The research team is expanding their experiments to test the efficacy and safety of the technique in larger animals. They hope to translate it into a technique that can be used clinically.
The technology has considerable potential for clinical use, Dr. Airan contends. The main initial challenge would be establishing the safety and toxicity profile of the new compound. The scientists are currently working to test this for use in humans.
“Once we have an investigational license, we aim to complete our initial clinical trials to use this technique for localizing and anesthetizing regions of the brain contributing to seizure activity,” he said. “Eventually the technique would be straightforward and could be used by a clinician who knows which brain region they want to anesthetize. They can just start the caged propofol infusion intravenously, point the ultrasound beam at the target and turn it on when you want the local anesthesia to start, and turn it off once you're done.”
“What if we could simulate the effects of neurosurgery — uncage an anesthetic and turn off a chunk of brain to see if we could stop seizure activity?” asked Dr. Airan. “We would not have to enter the brain to do this. It would be amazing.”
Independent experts agreed that the methodology has potential for clinical use. “This is like reversible neurosurgery,” said Robert S. Fisher, MD, PhD, FAAN, Maslah Saul MD professor and director of the Stanford Epilepsy Center. Dr. Fisher noted that the anesthetic delivered in the current experiment put a very targeted area of the brain to sleep for a limited time. “In epilepsy this technique could be used to tell us whether the targeted area is in an eloquent area of the brain that controls important functions,” he said.
“I think this technique has great potential,” agreed Emery N. Brown, MD, PhD, professor of medical engineering and computational neuroscience at MIT and professor of anesthesia at Harvard Medical School. “This is a proof of concept that the technology will be able to deliver a drug that can inhibit tissue in a specific location. One of the most obvious areas is in seizure diagnosis and control. Suppose you can hunt out foci and use ultrasound to arrest the seizures and help localize them noninvasively?”

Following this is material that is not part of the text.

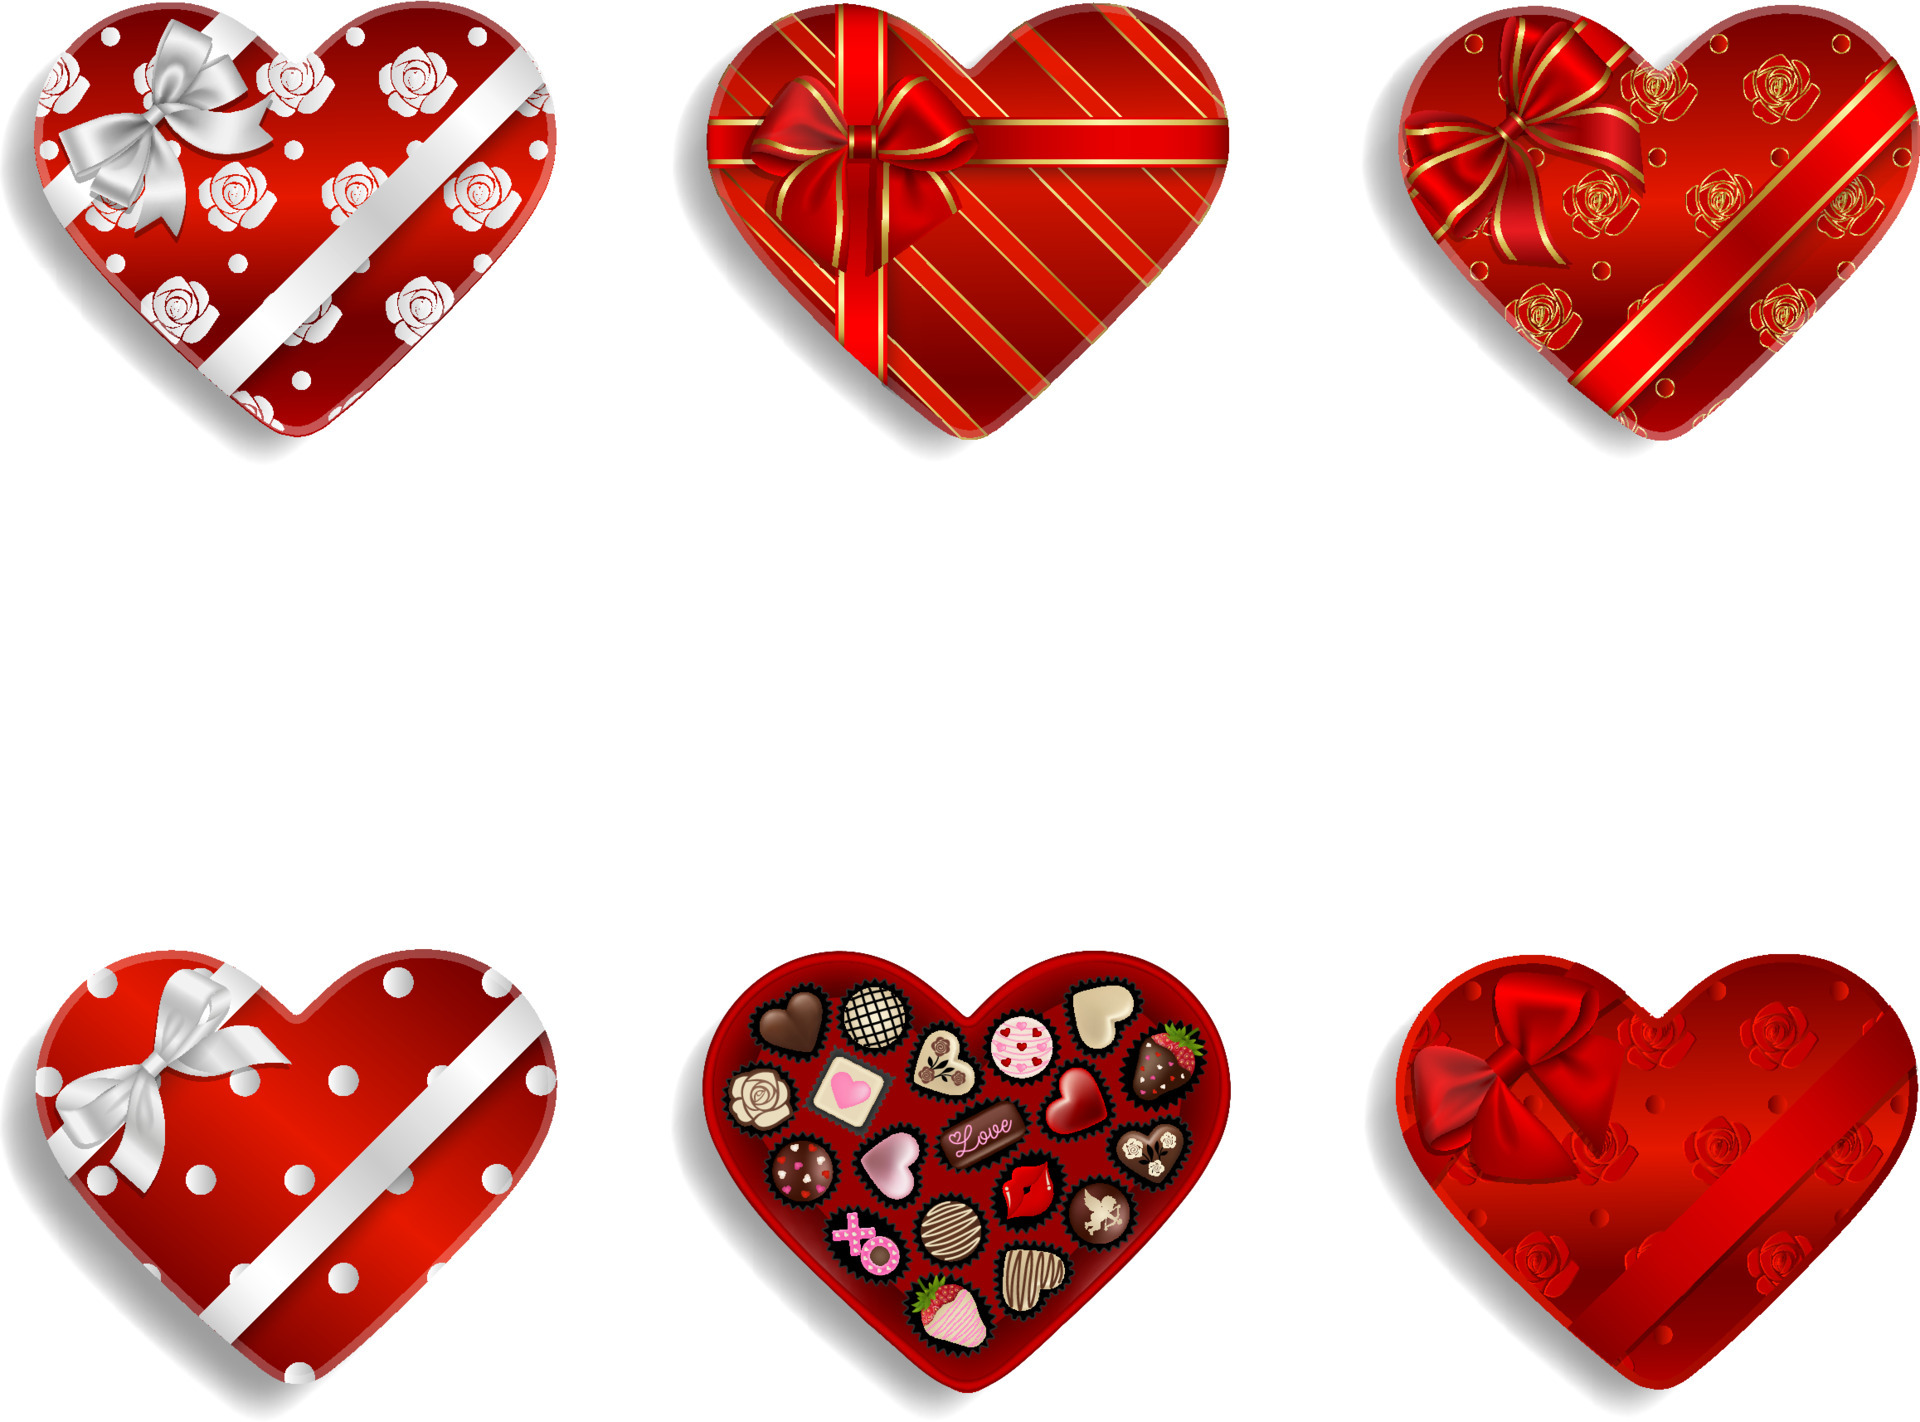 https://static.vecteezy.com/ti/vettori-gratis/p3/4566870-set-di-scatole-di-cioccolato-a-cuore-rosso-confezioni-regalo-di-san-valentino-con-cioccolatini-vettoriale.jpg

The work was funded by the National Institutes of Health, the Stanford Center for Cancer Nanotechnology Excellence, the Foundation of the American Society for Neuroradiology, the Wallace H. Coulter Foundation, the Dana Foundation, and the Wu Tsai Neurosciences Institute. Provisional patents applications have been filed for the nanoparticles described in the paper by Stanford University and Johns Hopkins University.